BACKGROUND & AIMS: :The objective of this study was to investigate the expressions of angiogenic factors and elucidate their angiogenic and prognostic roles in hepatocellular carcinoma (HCC) with background of hepatitis B virus (HBV). We evaluated microvessel density (MVD) of HCC, and investigated immunohistochemical expression of vascular endothelial growth factor (VEGF), angiopoietins (Ang-1 and Ang-2), and matrix metalloproteinases-9 (MMP-9) in 67 specimens of surgically resected HCC, which were all positive for hepatitis B surface antigen. We investigated the relationship between their expressions and clinicopathological factors or prognosis. The microvessel density (MVD) of tumor tissue and surrounding normal liver tissue was 93.1 +/- 43.8/mm2 and 30.4 +/- 14.8/mm2, respectively. The MVD of well-differentiated HCC was significantly less than that of poorly differentiated HCC. MVD was positively correlated with VEGF and Ang-2 expression (P = 0.0023 and 0.0265, respectively). There was less tumor recurrence in low Ang-2 and low MMP-9 group than high Ang-2 and/or high MMP-9 group (P = 0.002). In Cox regression model, portal vein thrombus and intrahepatic metastasis was the risk factors of tumor recurrence (P = 0.003 and 0.001, respectively). Our study showed that the expression of VEGF and Ang-2 were positively correlated with MVD. Ang-2 expression and/or MMP-9 expression might be a significant predictive factor for recurrence after resection in HCC patients with the background of HBV.
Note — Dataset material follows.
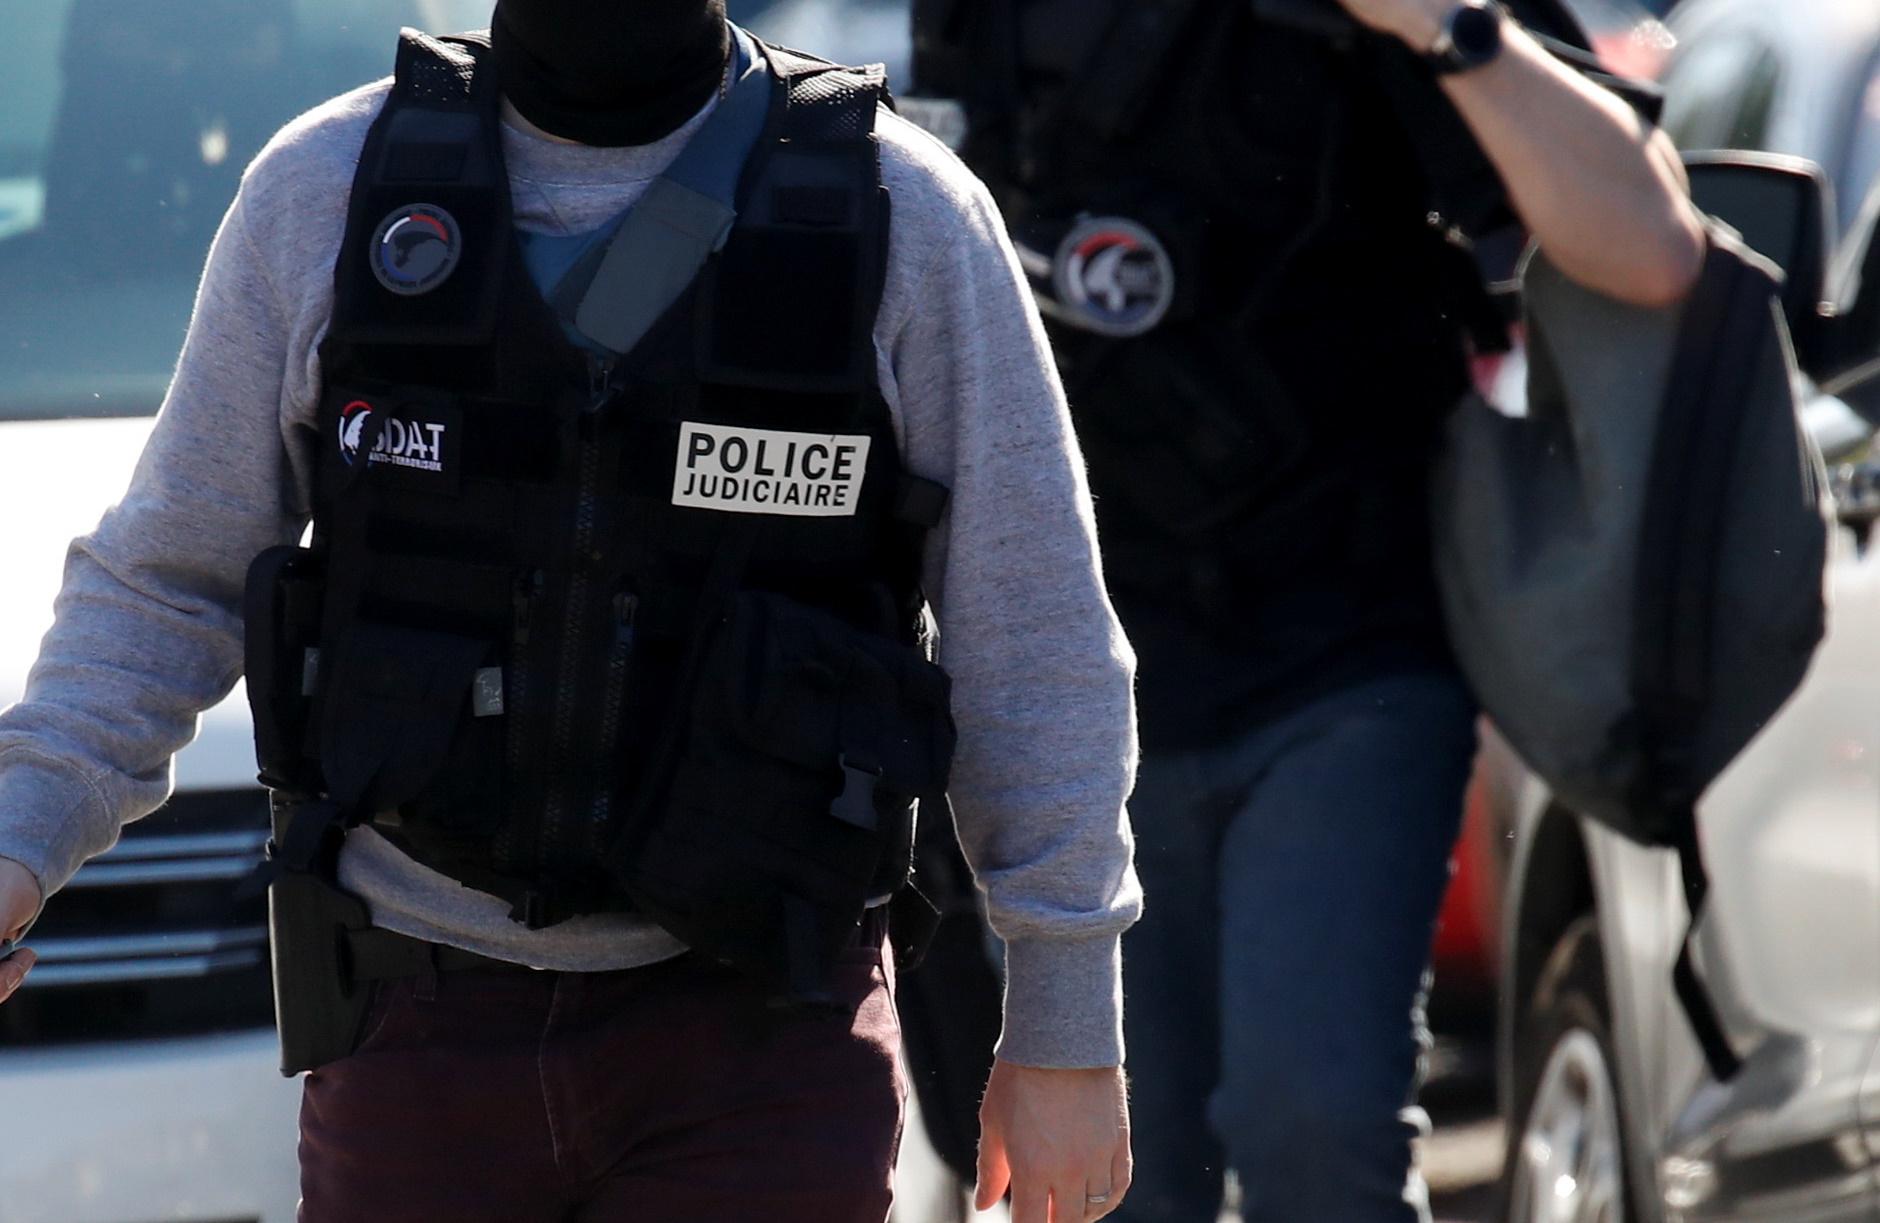 Παραδόθηκε ένας από τους Ιταλούς πρώην τρομοκράτες που ξέφυγαν τη σύλληψη στην επιχείρηση «κόκκινες σκιές»
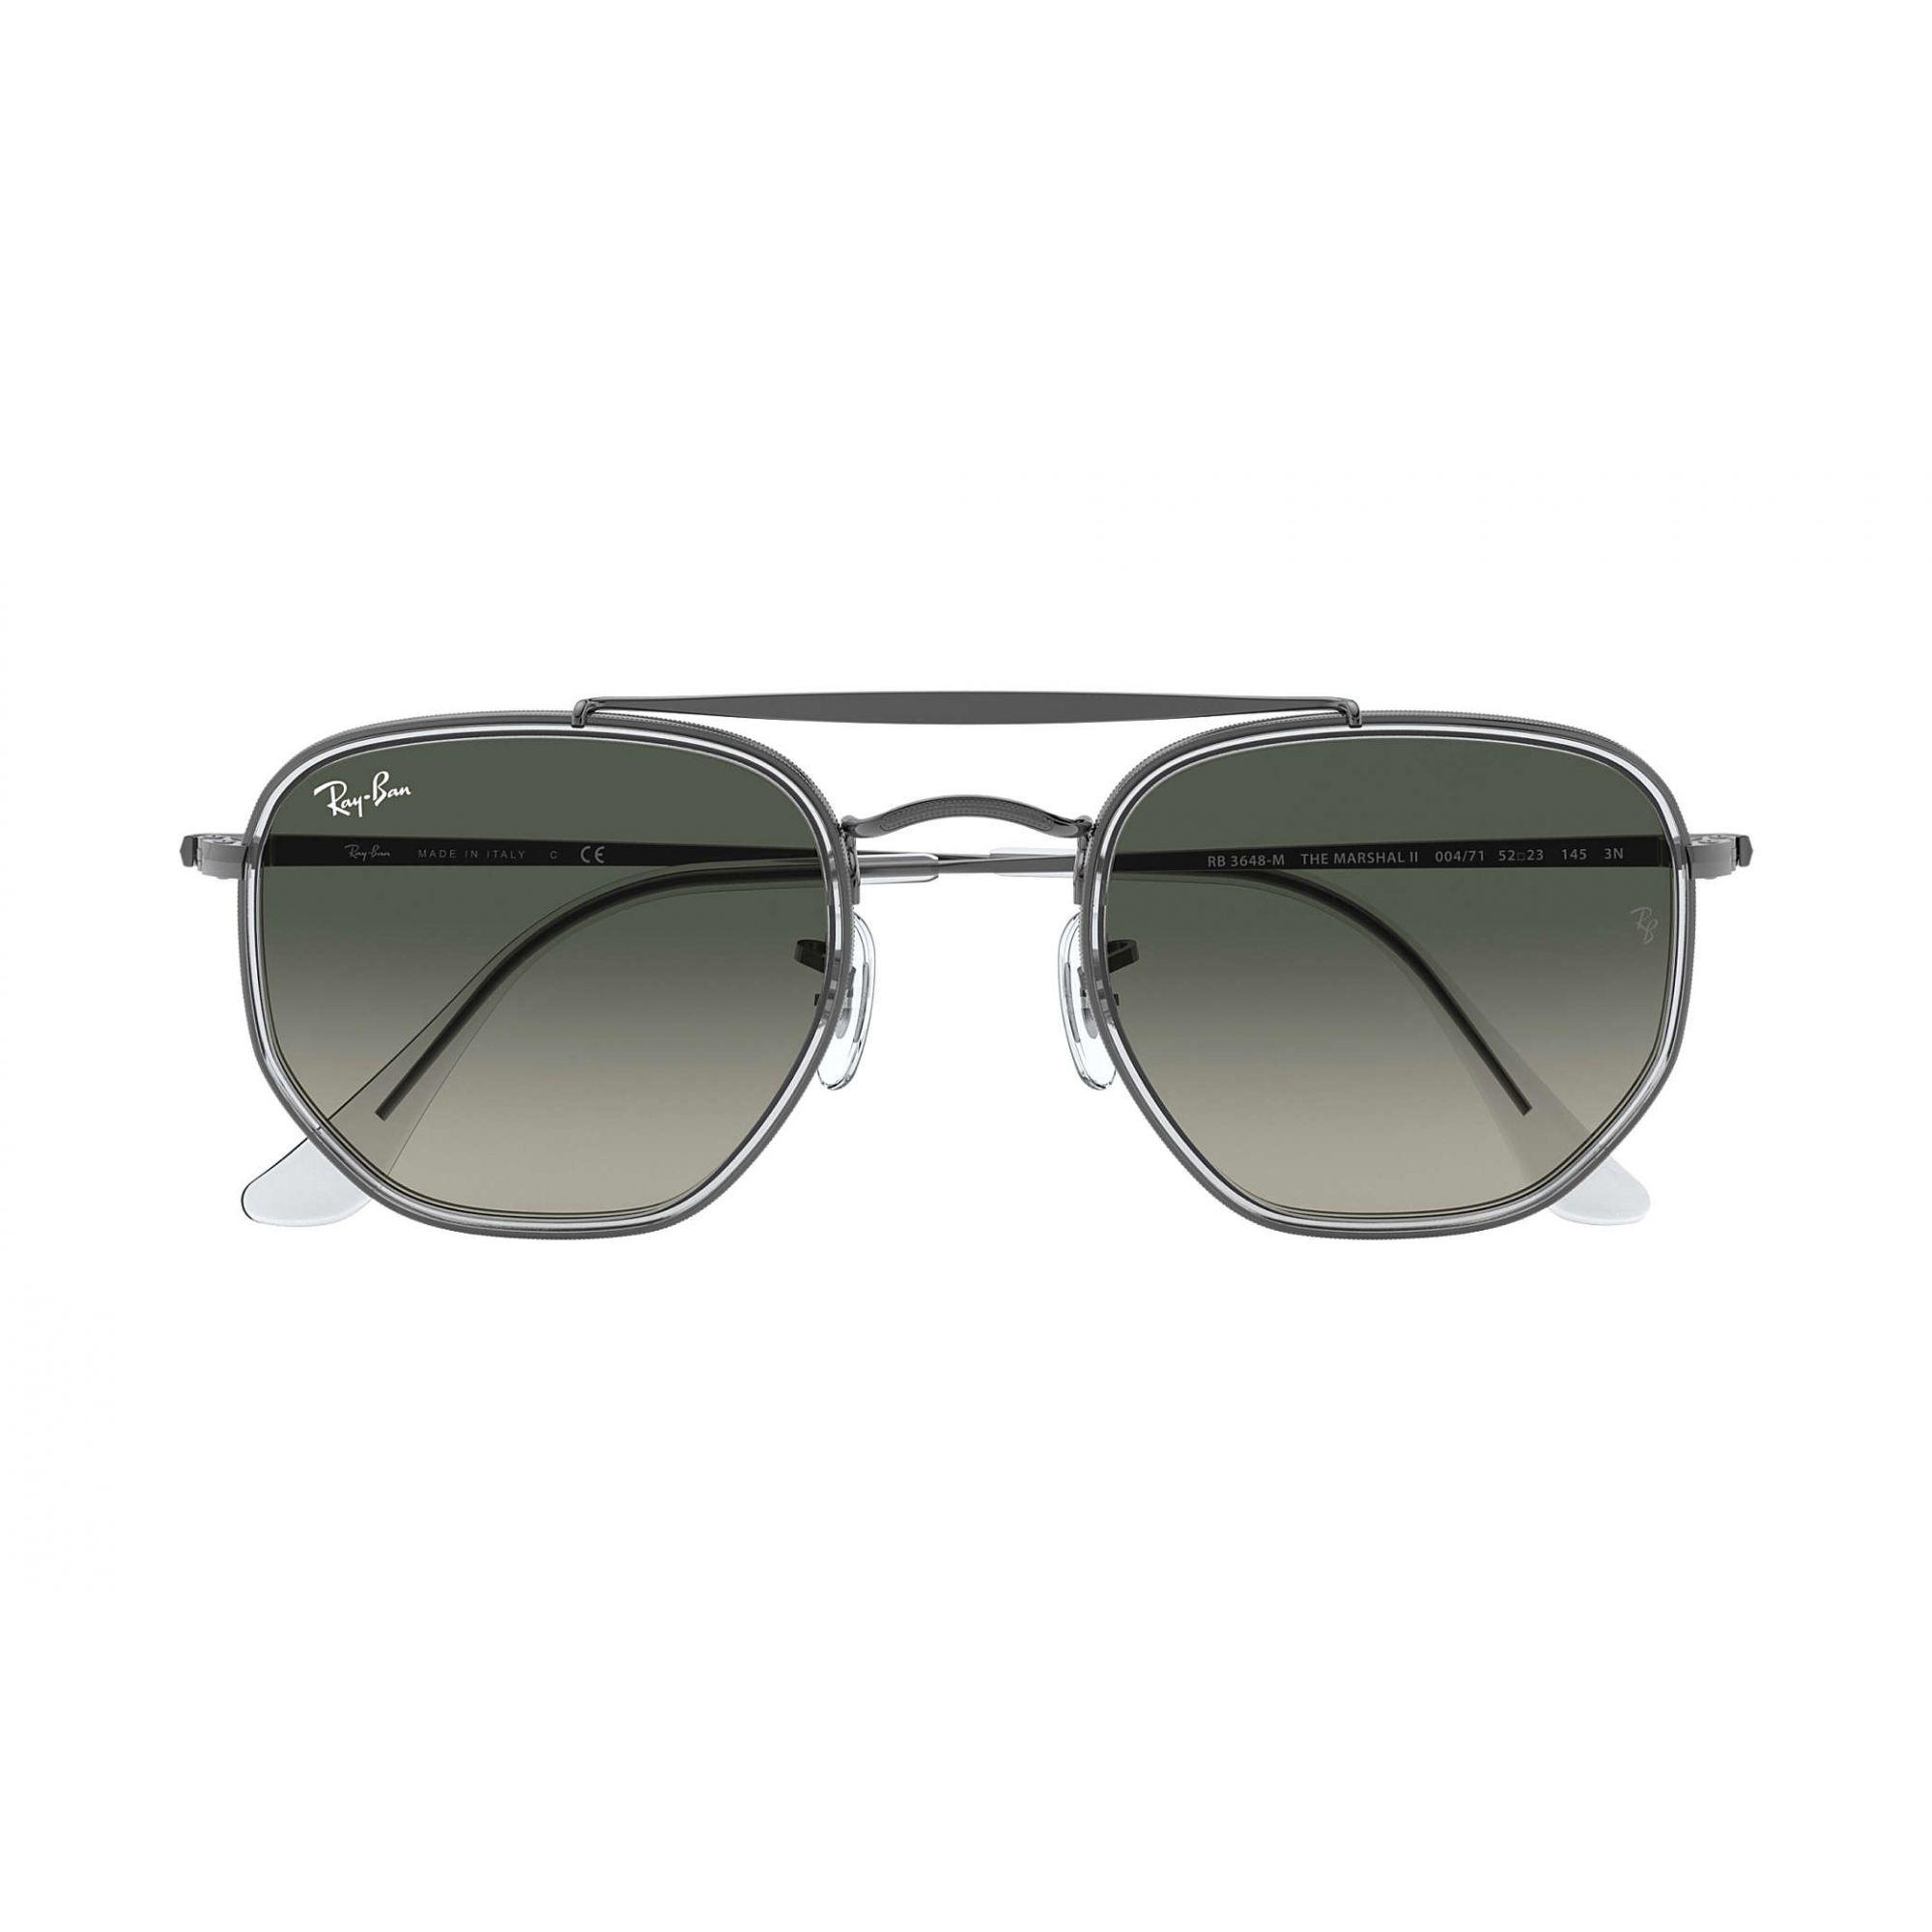 Ray Ban - RB3648M 0047152 - Óculos de sol

背景与目标： : 这项研究的目的是研究血管生成因子的表达，并阐明其在具有乙型肝炎病毒 (HBV) 背景的肝细胞癌 (HCC) 中的血管生成和预后作用。我们评估了HCC的微血管密度 (MVD)，并在67例手术切除的HCC标本中研究了血管内皮生长因子 (VEGF)，血管生成素 (Ang-1和Ang-2) 和基质metalloproteinases-9 (MMP-9) 的免疫组织化学表达。乙肝表面抗原。我们调查了它们的表达与临床病理因素或预后之间的关系。肿瘤组织和周围正常肝组织的微血管密度 (MVD) 分别为93.1 +/- 43.8/mm2和30.4 +/- 14.8/mm2。高分化HCC的MVD明显小于低分化HCC。MVD与VEGF和Ang-2表达呈正相关 (分别为P = 0.0023和0.0265)。低Ang-2和低MMP-9组的肿瘤复发率低于高Ang-2和/或高MMP-9组 (P = 0.002)。在Cox回归模型中，门静脉血栓和肝内转移是肿瘤复发的危险因素 (分别为P = 0.003和0.001)。我们的研究表明，VEGF和Ang-2的表达与MVD呈正相关。Ang-2表达和/或MMP-9表达可能是HBV背景的HCC患者切除后复发的重要预测因素。